WHAT YOU HAVE TO DO:
Everything in the listing below from the line containing "Lord LED επαναφορτιζόμενο" through the line containing "Akdeniz Belediye Başkanı, 6-7" must be repeated exactly; the remaining lines are not wanted.

TASK DATA:
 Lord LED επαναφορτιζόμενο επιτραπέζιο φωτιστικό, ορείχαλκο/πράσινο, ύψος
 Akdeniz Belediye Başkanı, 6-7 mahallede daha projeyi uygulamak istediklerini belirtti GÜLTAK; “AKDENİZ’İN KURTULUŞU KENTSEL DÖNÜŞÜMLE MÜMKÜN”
==
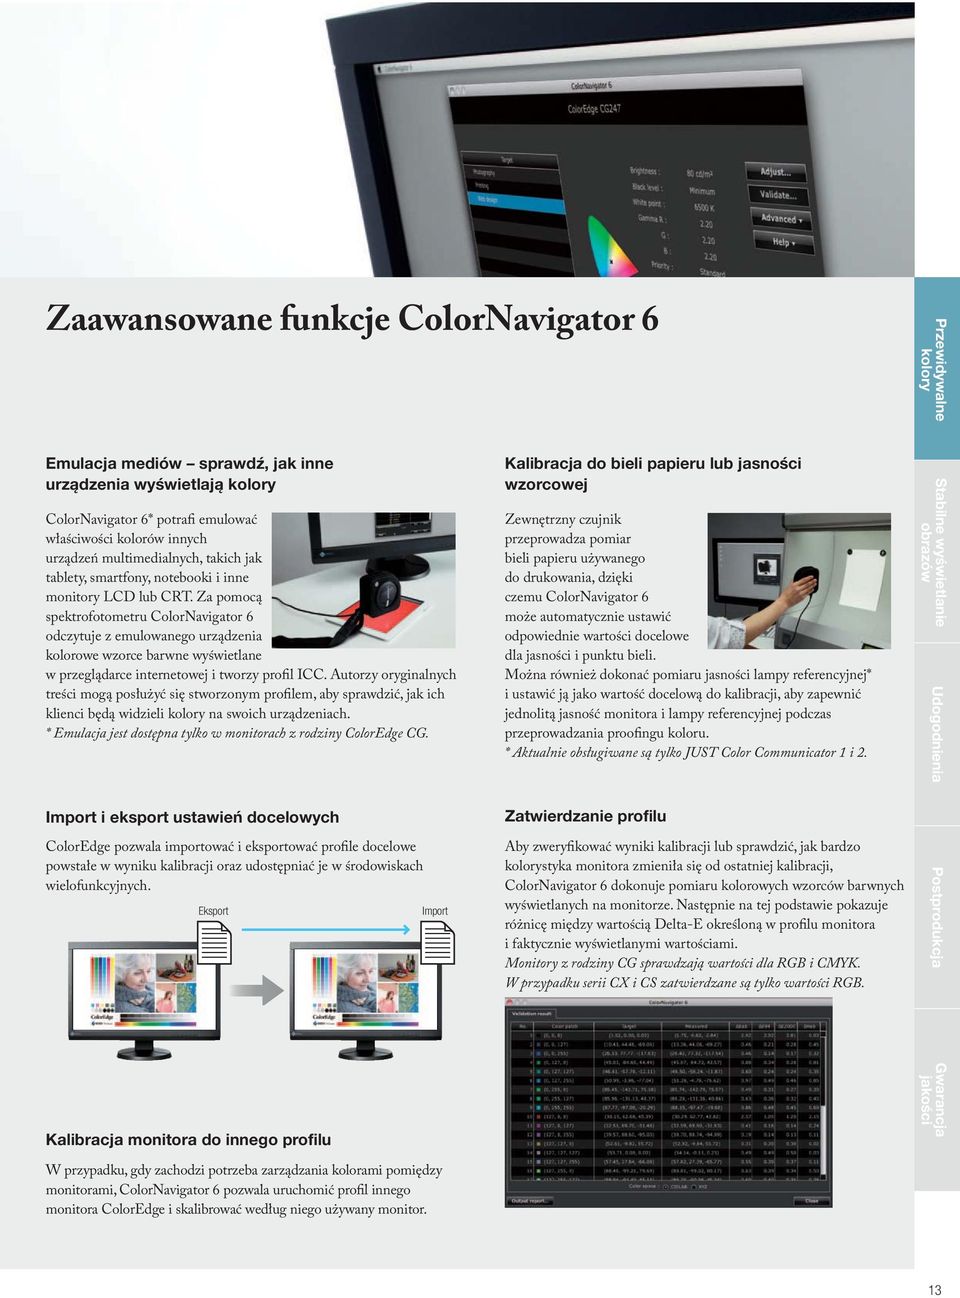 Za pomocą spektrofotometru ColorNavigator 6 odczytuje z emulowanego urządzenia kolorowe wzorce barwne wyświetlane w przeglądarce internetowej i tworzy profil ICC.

SOLVED EXERCISE:
 Lord LED επαναφορτιζόμενο επιτραπέζιο φωτιστικό, ορείχαλκο/πράσινο, ύψος
 Akdeniz Belediye Başkanı, 6-7 mahallede daha projeyi uygulamak istediklerini belirtti GÜLTAK; “AKDENİZ’İN KURTULUŞU KENTSEL DÖNÜŞÜMLE MÜMKÜN”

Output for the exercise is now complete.